I am either brave or foolish. Only time will tell. And maybe you need to be a little of both to get anywhere.
I’ll write a little about this upcoming record (album, CD, or whatever your particular generation likes to call it). As soon as I started writing material for it back in August, I have been in an internal conflict. My original vision for this was to continue in the trajectory of my first instrumental record “Draw Me Close”. That project consisted primarily of me on piano and one or the other of my best musical buddies, Scott Burnett and Andy Park, on guitar. Some of the material was premeditated and some was improvisational, but it was all improvisational from a playing standpoint. None of us worked up and practiced what we were going to play in advance. We just went for it. The result was something very relaxing, something you can fall asleep to. Call it soaking music, relaxation music, or whatever.
On this new project, I wanted to continue that approach but do it with a fuller band: piano, acoustic and electric guitars, bass, and drums. I wanted it to be nothing more complex than us jamming on some preset chord progressions and keep everything very chill.
Like I said, I set out to write material for it. But pretty quickly I discovered that I was no longer writing this project; it was writing me. I really can’t describe this adequately. Here I was trying to compose a loose collection of song forms that we could do some chill jamming to, and instead these songs emerged. Songs with a direction. Songs with progression, contour, tension, climax, denouement. Like a story.

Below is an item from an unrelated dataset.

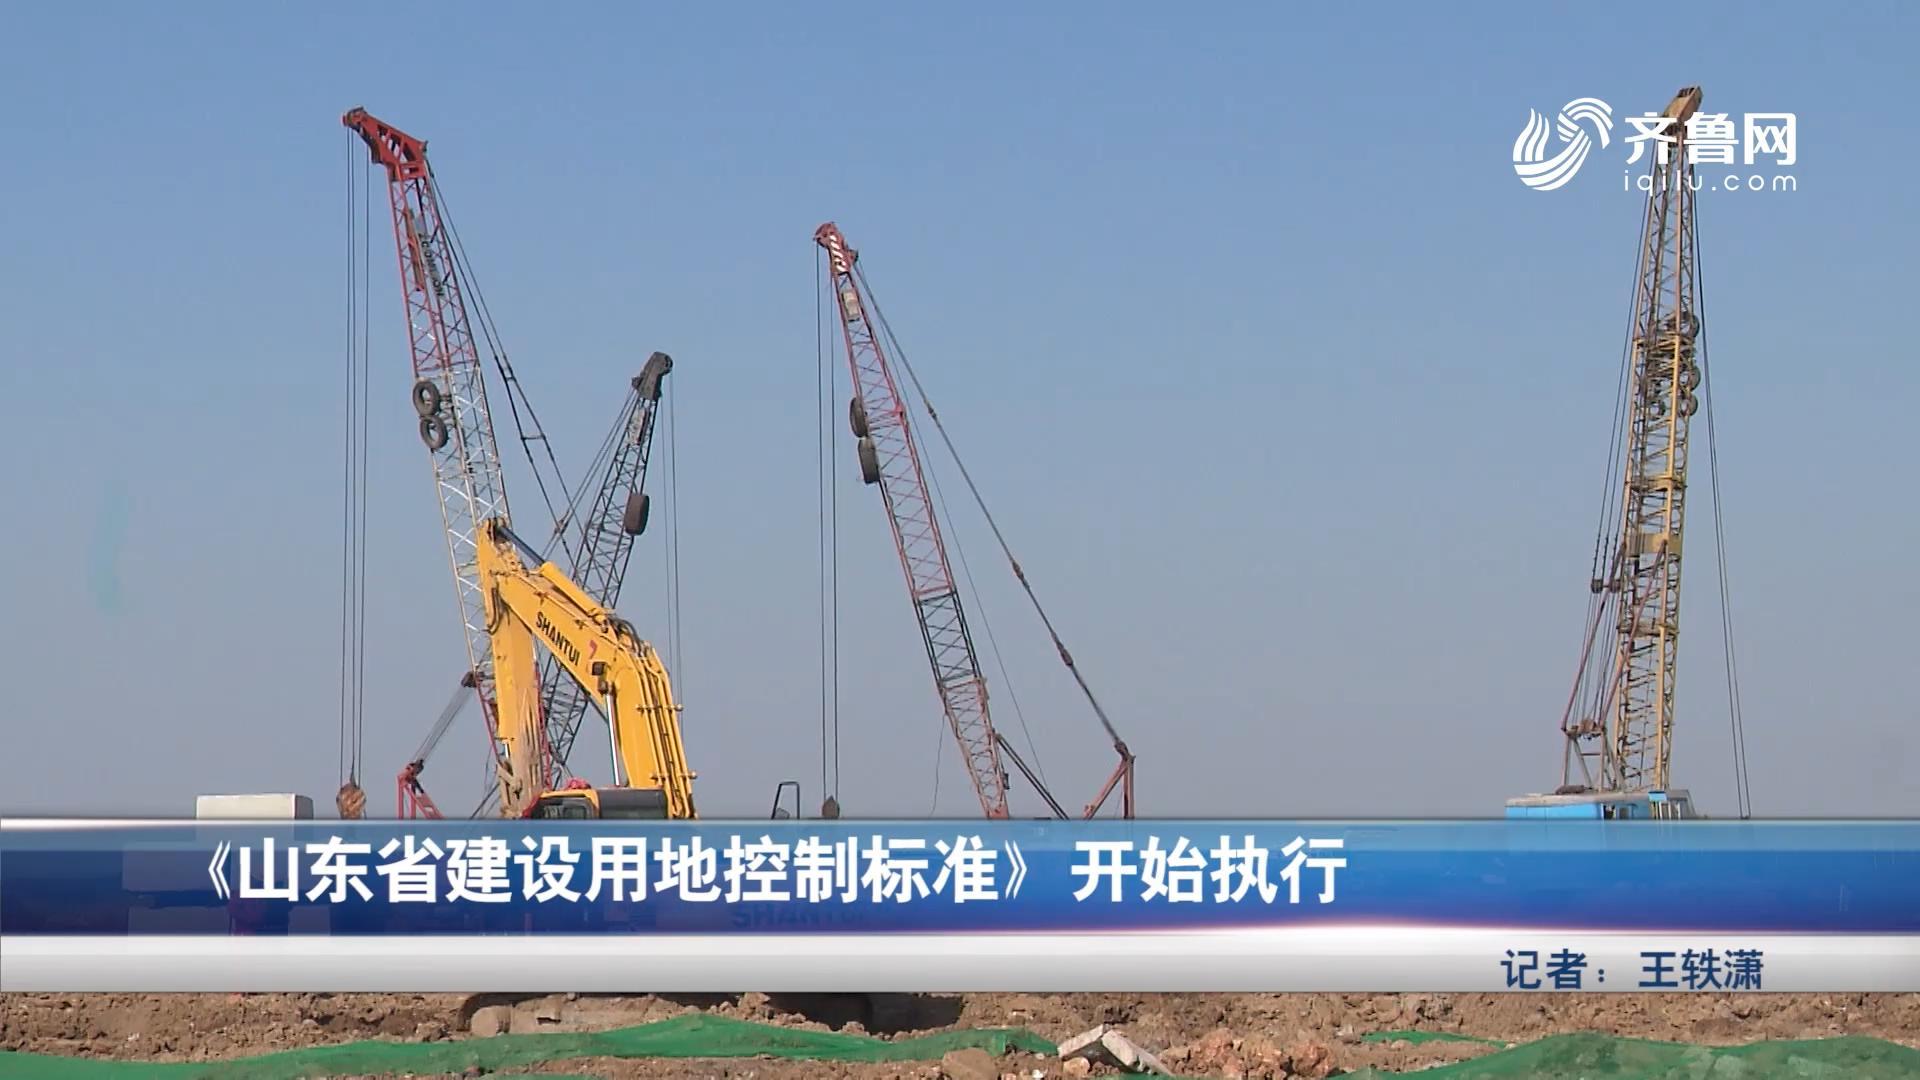 《山东省建设用地控制标准》开始执行

And if that wasn’t enough. This turned out to be more than a collection of song stories. The whole thing is a story. It has trajectory. The evolution of this project turning into a story has unfolded over the past few months, a story unto itself.
The question is: what story is this telling? I have a few ideas, but I’m not telling. I’m not trying to be mysterious and intriguing, but I believe I am not supposed to tell you the story, even if I had a clear idea what it is, which I don’t. Rather, I am pretty sure this is something waiting for you to put your own story in. We shall see.
So not only is this idea of putting out a record a big RISK, (because it is so hard to make money these days selling music), but eschewing the safe course of creating another collection of relaxation songs by doing something more adventurous is a big RISK.
And you are now part of the story. Let’s see how it unfolds.